=== Exercise data ===
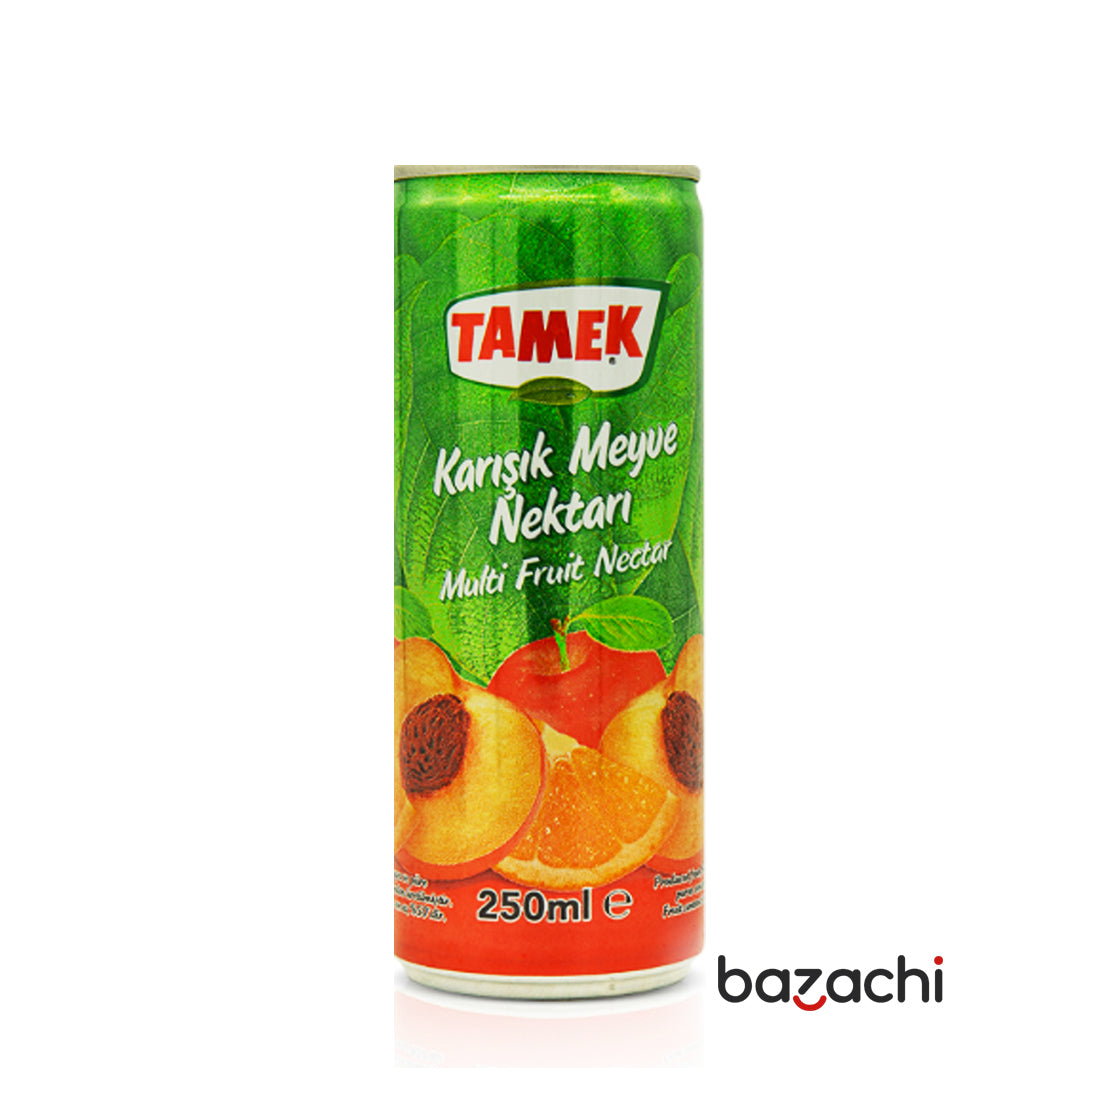 Tamek Mix Can Juice 250ml
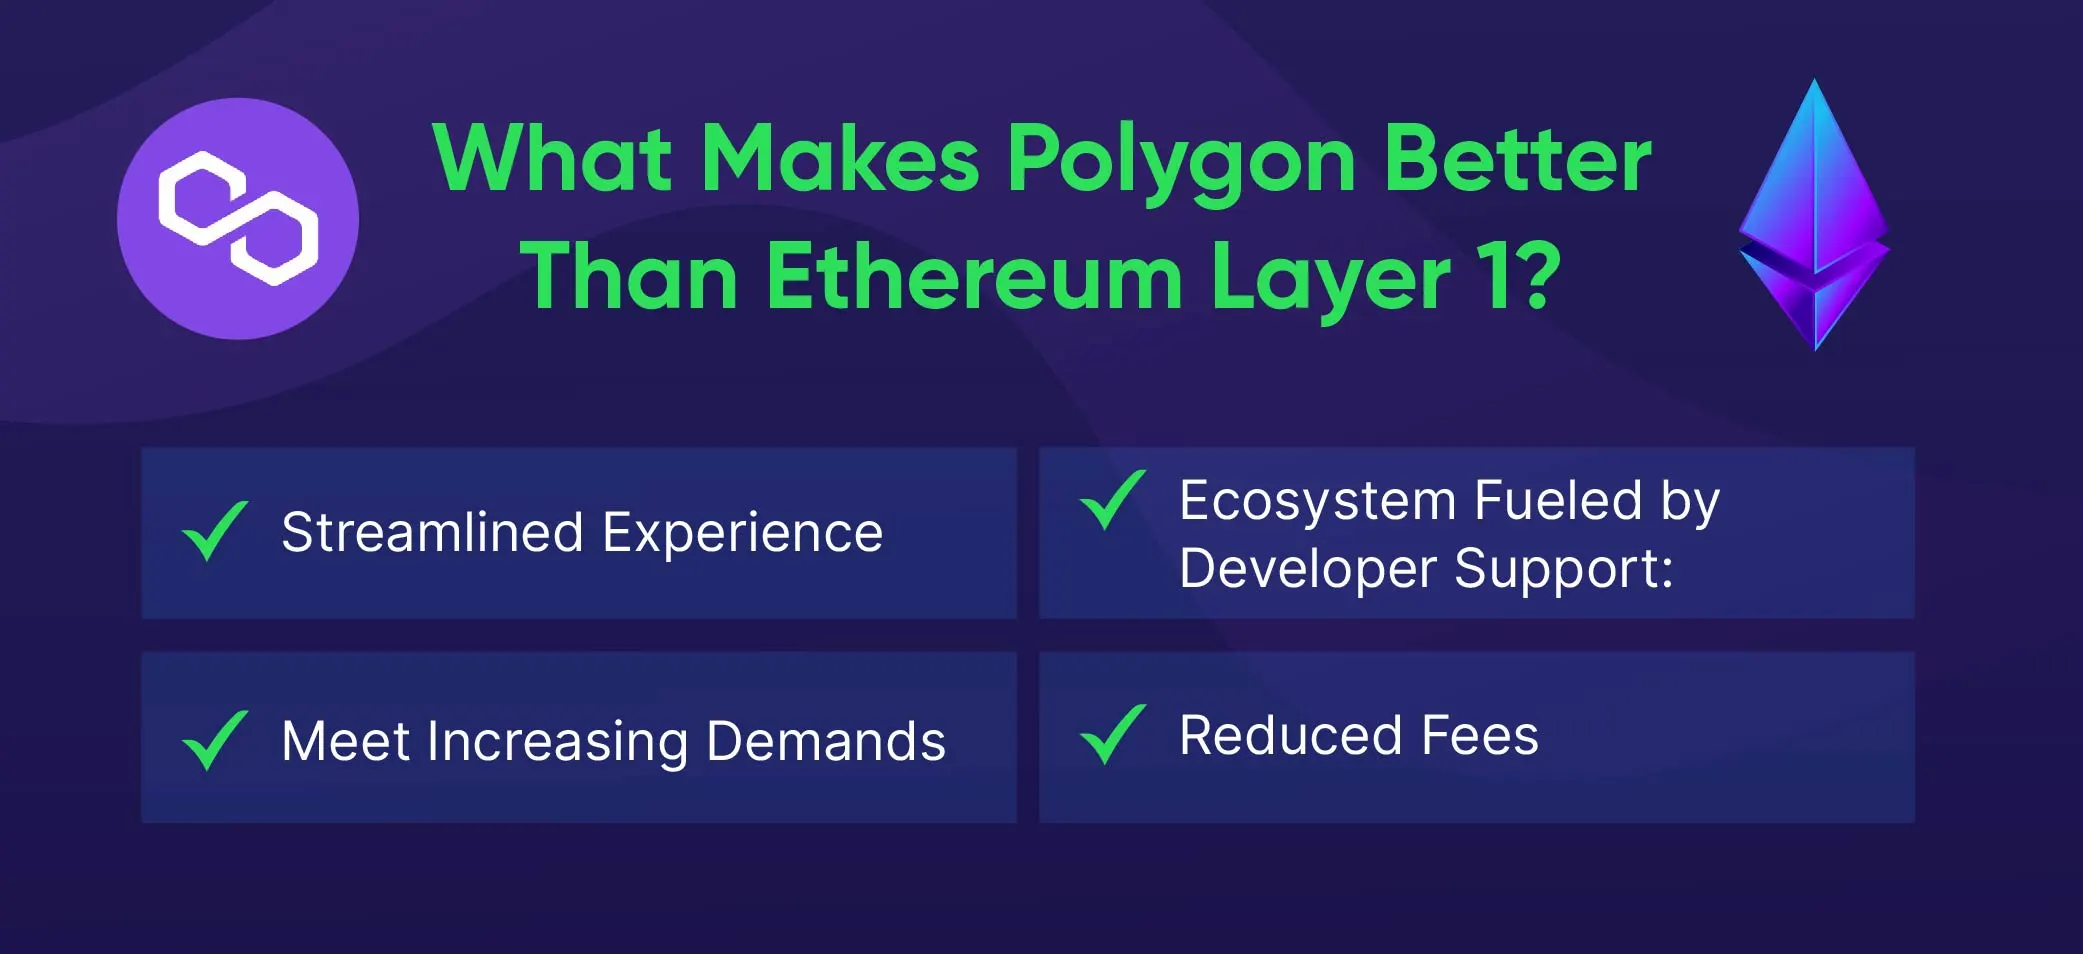 Polygon Blockchain 
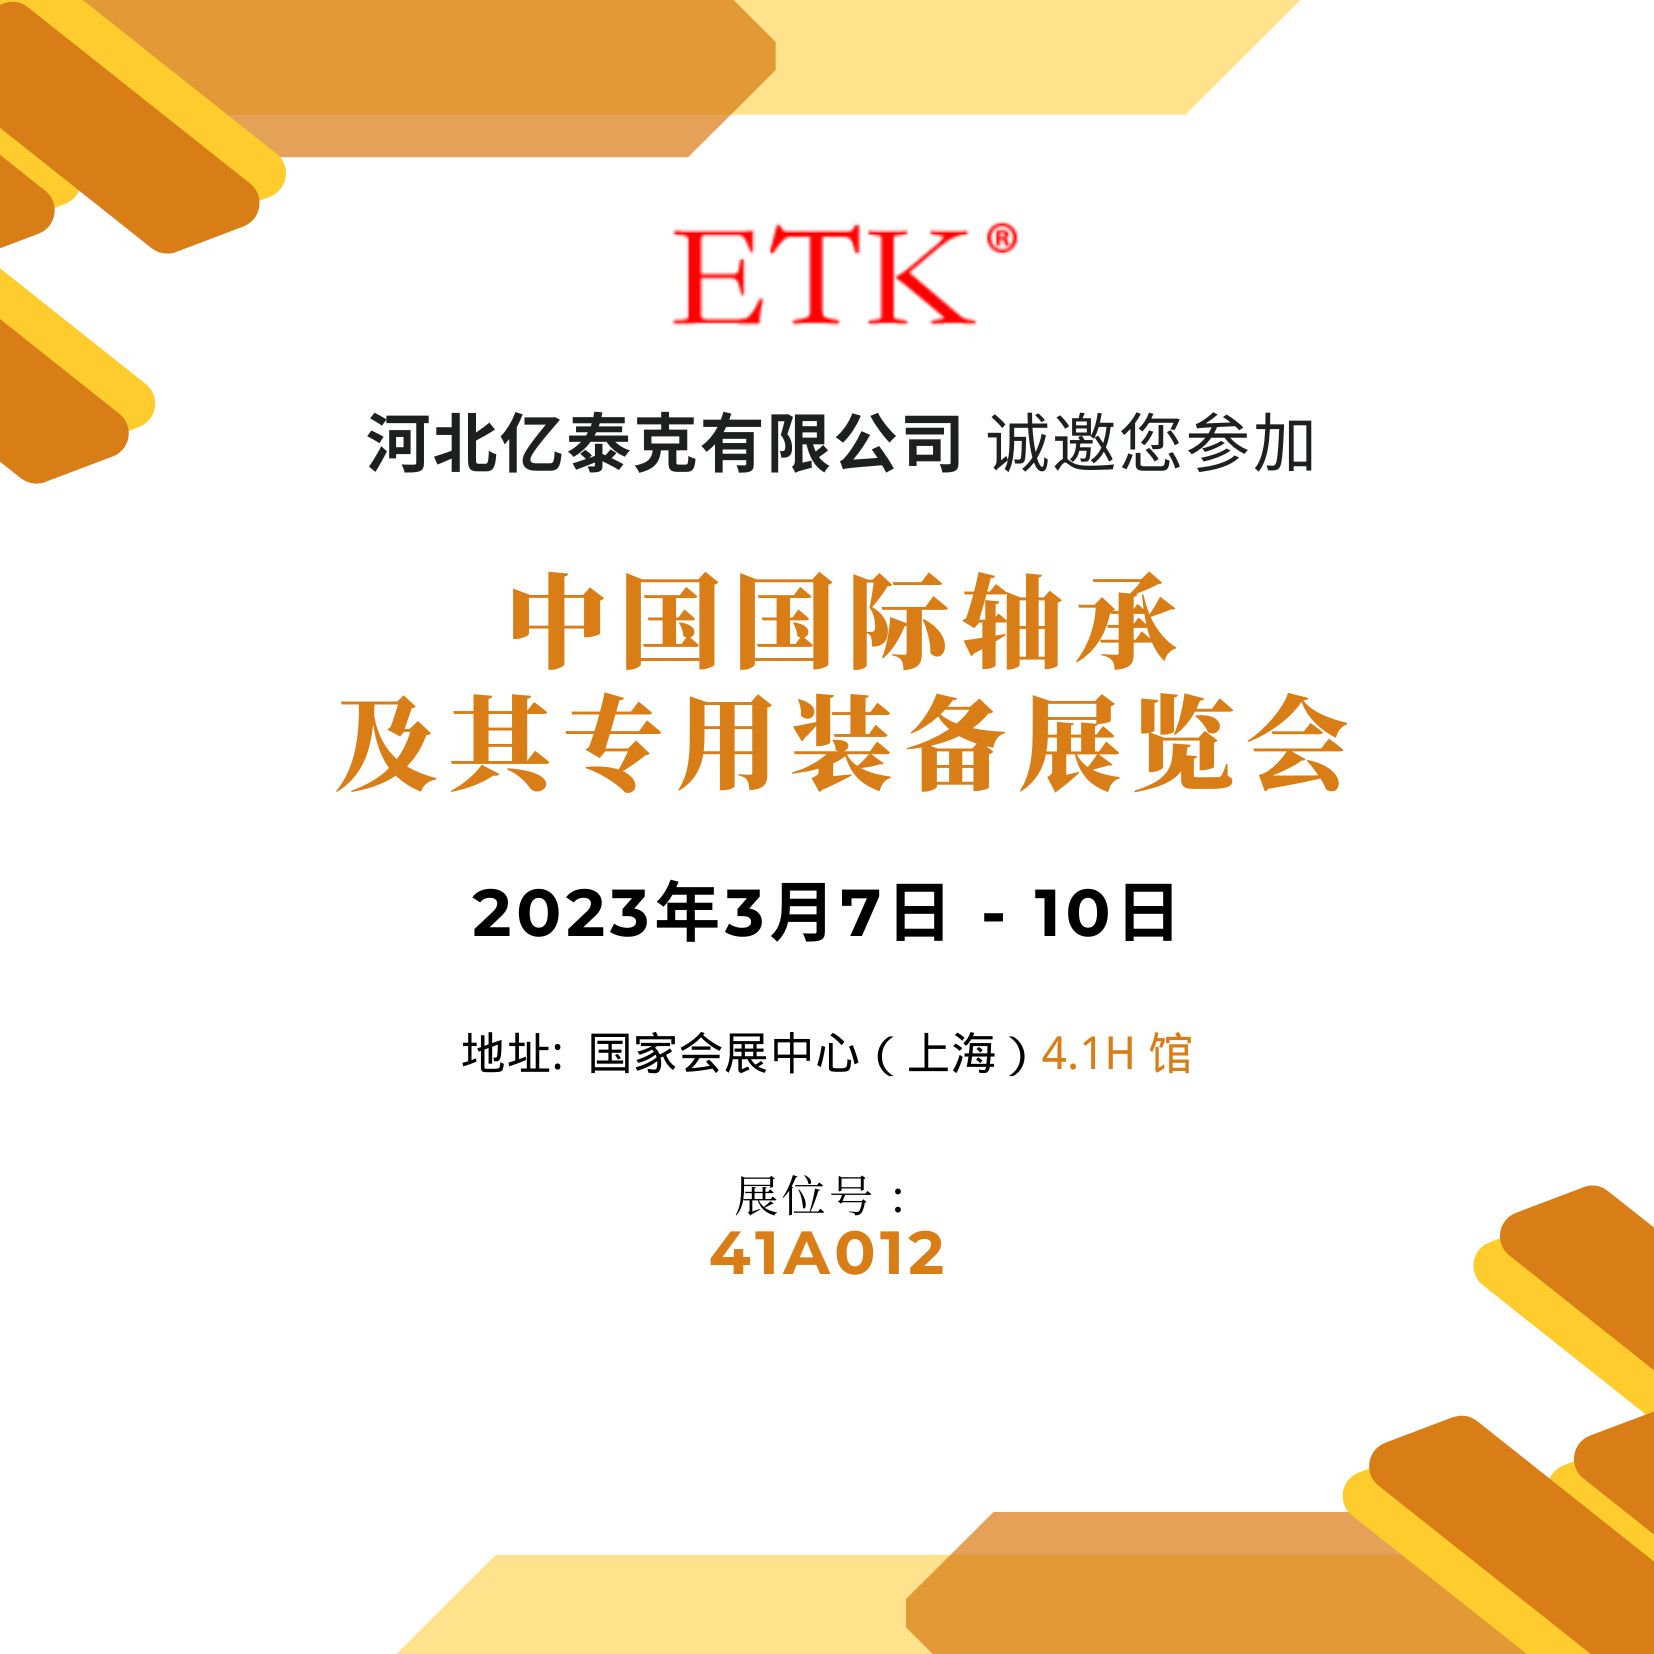 ETK邀您一起参加2023中国国际轴承及其专用装备展览会
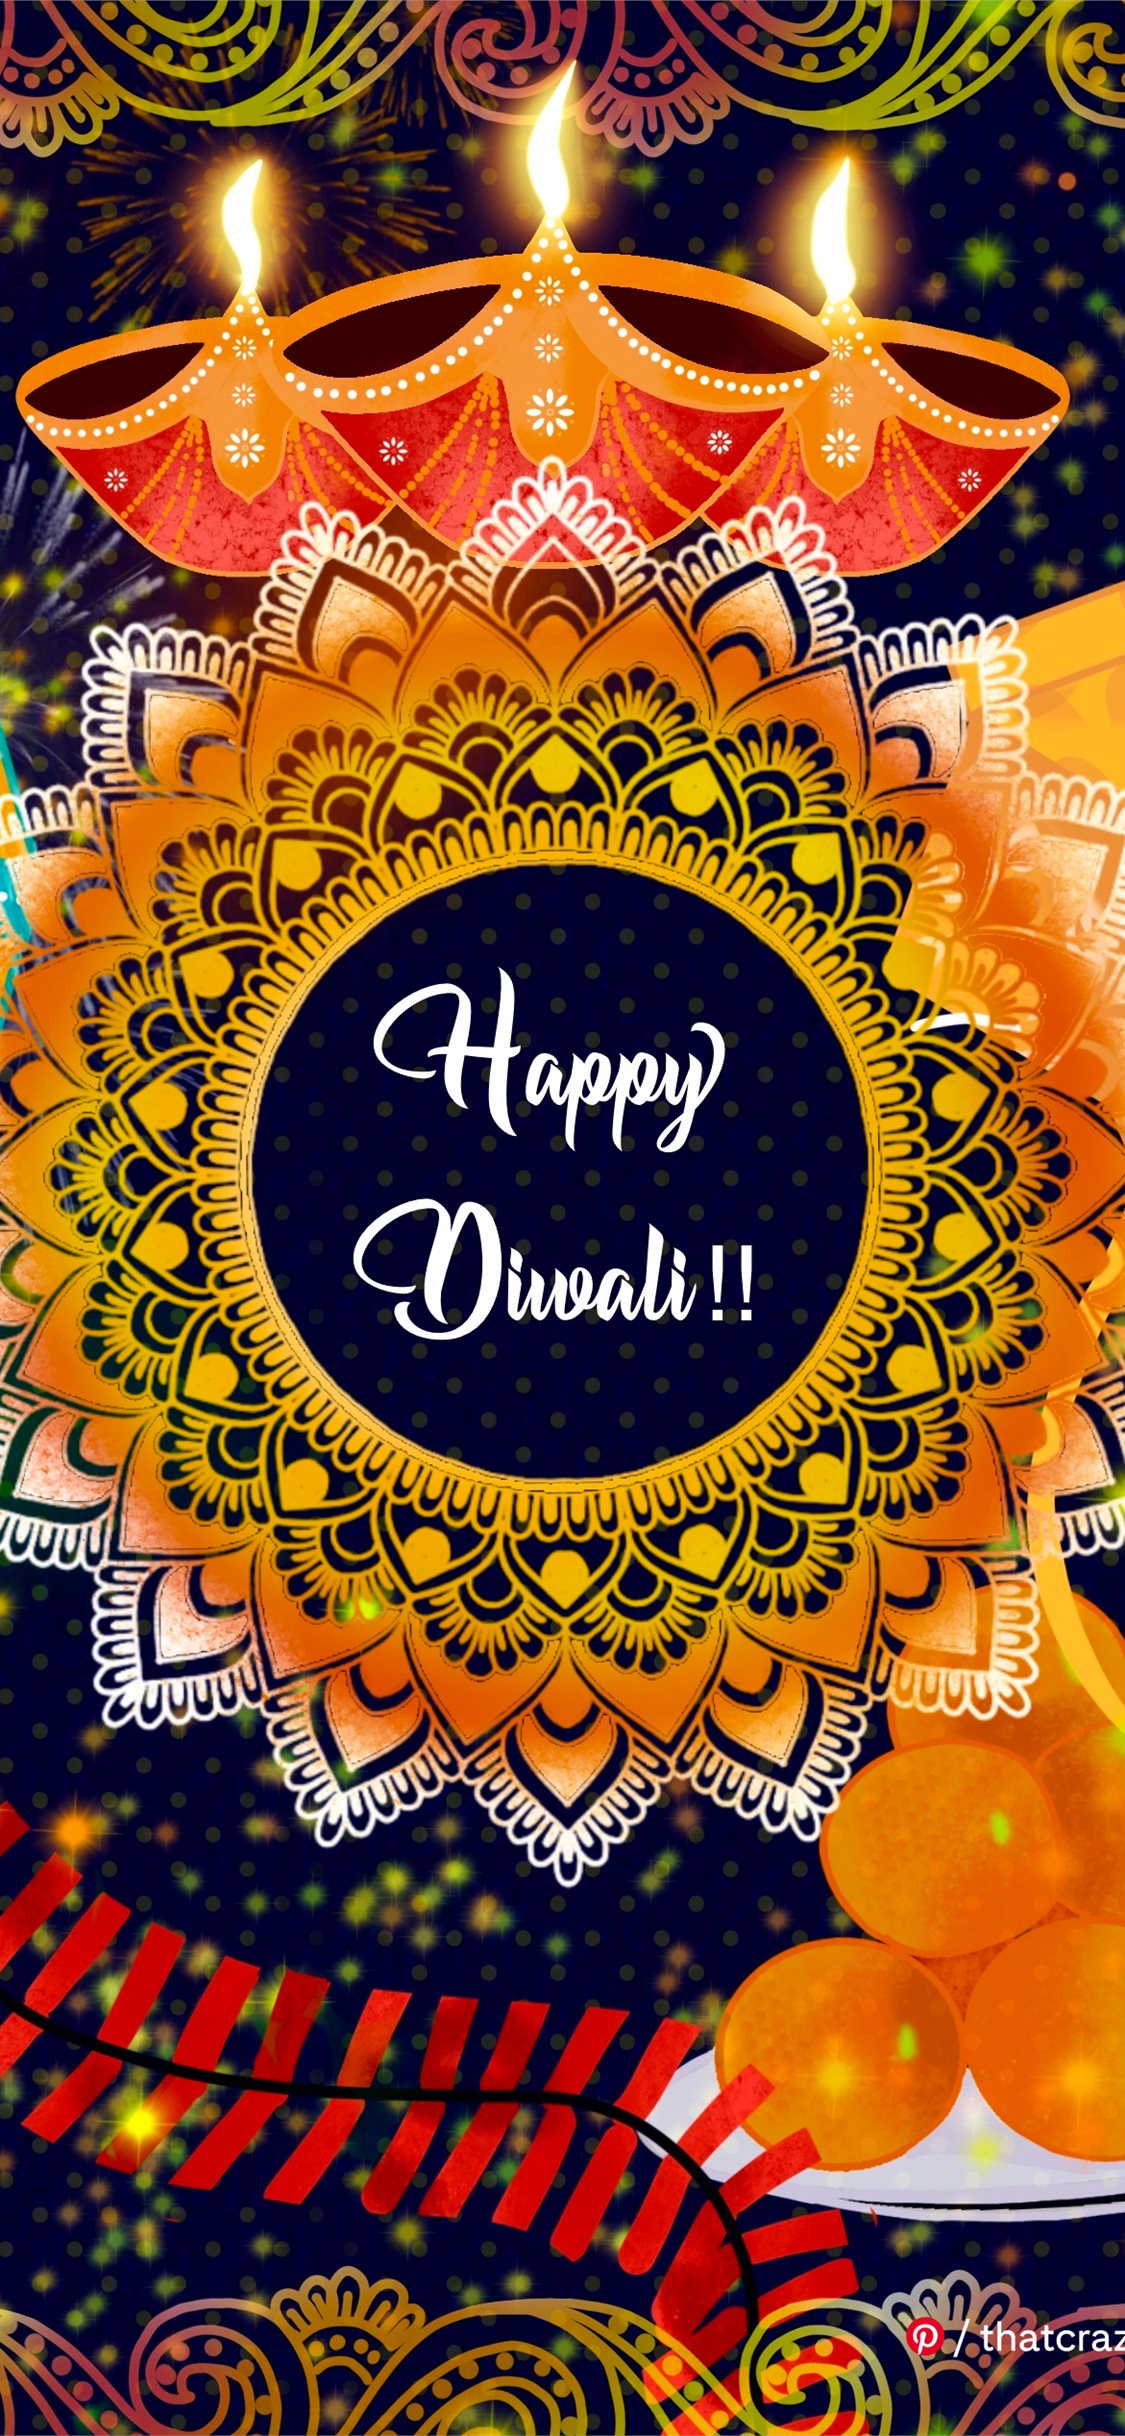 Happy Diwali by Vinita Varier iPhone Wallpapers Free Download
===
(Problem to work on): Without including any picture, write out the material above verbatim.

(Result of the task):
 Tamek Mix Can Juice 250ml
 Polygon Blockchain 
 ETK邀您一起参加2023中国国际轴承及其专用装备展览会
 Happy Diwali by Vinita Varier iPhone Wallpapers Free Download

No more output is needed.